レビュー
ビッグマイナーチェンジが施されたLSの進化点をチェック

価格は1,351万円。レクサスのフラッグシップモデル「LS Fスポーツ」に試乗

トヨタが世界展開している高級車ブランド「LEXUS(レクサス)」のラインアップの中で、フラッグシップモデルとして位置付けられているのが「LS」だ。

レクサス「LS」のフロントエクステリアとリアエクステリア

レクサス「LS」のフロントエクステリアとリアエクステリア

2017年に登場した5代目の現行LSは、2020年11月にビッグマイナーチェンジが実施され、内外装に変更が施されたほか、乗り心地などが改善されている。今回、パワートレインに3.5L V型6気筒ハイブリッドを搭載しているスポーティーモデルの「LS500h Fスポーツ」(税込価格:1,351万円)に試乗し、ネックとなっていた乗り心地がどこまで改善されているのかなどを含め、LSの進化点をレビューしたい。

2017年のフルモデルチェンジ時の、「LS Fスポーツ」のフロントフェイス

2017年のフルモデルチェンジ時の、「LS Fスポーツ」のフロントフェイス

2020年のマイナーチェンジ後の、「LS Fスポーツ」のフロントフェイス。ヘッドライト周りのデザインが変更されている

2020年のマイナーチェンジ後の、「LS Fスポーツ」のフロントフェイス。ヘッドライト周りのデザインが変更されている

まず、外観はヘッドライト周りに変更を受けている。マイナーチェンジ前は、デイタイムランニングランプがヘッドライトと分かれたデザインが採用されていたのだが、マイナーチェンジ後には一体化されたデザインが採用されている。また、テールランプはメッキパーツが廃されたことで、ランプの厚みがより強調された。全体的に、よりシンプルで洗練されたデザインが採用されている印象を受ける。

レクサス「LS」のインパネと、新たにタッチパネルが採用されている「12.3インチタッチワイドディスプレイ」

レクサス「LS」のインパネと、新たにタッチパネルが採用されている「12.3インチタッチワイドディスプレイ」

内装は、インパネ中央のワイドディスプレイが変更されている。ディスプレイは、大きさこそ以前と同じ12.3インチのものだが、タッチディスプレイになったことから、操作性は以前に比べてなじみやすくなった。なお、タッチディスプレイを採用したことによって、モニター画面の位置も手前へと移されている。

レクサス「LS Fスポーツ」の走行イメージ

レクサス「LS Fスポーツ」の走行イメージ

LS Fスポーツに乗り込み、走り始めてすぐに気付いたのが、操舵した時の車両の反応のよさだった。これまでも、鈍さは感じなかったのだが、マイナーチェンジ後は操舵に対する車両の動きが、より正確に変わるようになっている。2,260kgもの車重をも、あまり意識させない。
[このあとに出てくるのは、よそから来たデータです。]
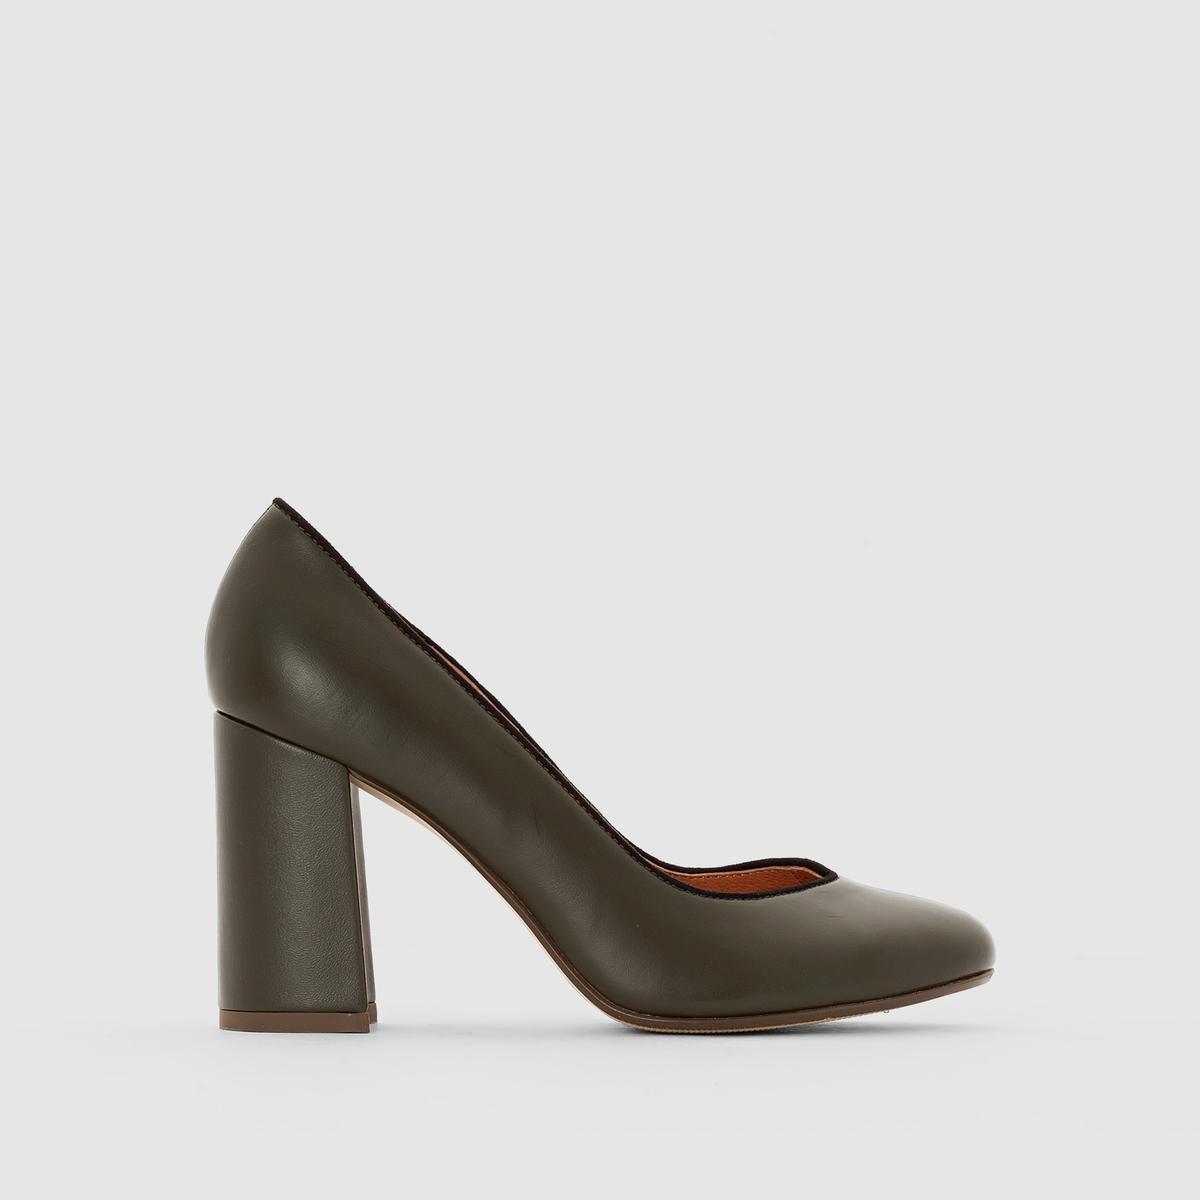 Туфли-лодочки кожаные на широком каблукеМарка : R essentiel Верх : яловичная кожаПодкладка : кожаСтелька : кожаПодошва : эластомерВысота каблука : 8,5 смПреимущества : классические туфли-лодочки, оригинальный каблук, современная и модная модель !<br><br>Цвет: хаки,черный<br>Размер: 36

レクサス「LS Fスポーツ」には、フロントに245/45RF20、リアに275/40RF20のランフラットタイヤが装着されている

レクサス「LS Fスポーツ」には、フロントに245/45RF20、リアに275/40RF20のランフラットタイヤが装着されている

特に、試乗車はFスポーツであり、前後ともに20インチの大きなタイヤが装着されている(ほかのグレードは、標準で19インチを装着)。にもかかわらず、タイヤは機敏な操舵にもしっかりと反応してくれる。カーブを曲がる時は、外側に位置する前輪がグリップして、重いボディながらきっちりと内側へ向けてくれる。操舵に対する正確性が高いので、ボディがひとまわり小さく、軽くなったようにも感じた。また、走行安定性も十分に確保されている。たとえば、下り坂のカーブで危険を避ける時でも、後輪のグリップ力は低下しにくい。走りのバランスは、全体的に高まったと言えるだろう。

レクサス「LS Fスポーツ」の試乗イメージ

レクサス「LS Fスポーツ」の試乗イメージ

だが、高級車ブランドの最上級車種としては、乗り心地はもう少し改善する余地がありそうだ。2017年のフルモデルチェンジ直後に試乗した際に感じたような、不規則に揺すられるような印象は抑えられているのだが、低速域でコツコツとした硬さが残っているので、もう少し穏やかなほうがいいだろう。スポーティーな乗り心地と言えなくもないのだが、LSはプレミアムブランドのフラッグシップモデルなので、快適性も追求すべきと思う。

レクサス「LS Fスポーツ」の走行イメージ

レクサス「LS Fスポーツ」の走行イメージ

動力性能については、マイナーチェンジよりさらに前の2019年の一部改良によって、すでに改善が施されている。フルモデルチェンジされた2017年の「LS500h(3.5L V6ハイブリッド)」へ試乗した際は、「LS500(3.5L V6ツインターボ)」に比べて動力性能に物足りなさを感じていた。だが、2019年の一部改良によって、加速時におけるバッテリーのアシスト力が強められた。それによって、LS500hはパワーに余裕が見られるようになり、感覚的には実用回転域の駆動力が高まったような印象を受けた。その印象は、マイナーチェンジ後でも変わらない。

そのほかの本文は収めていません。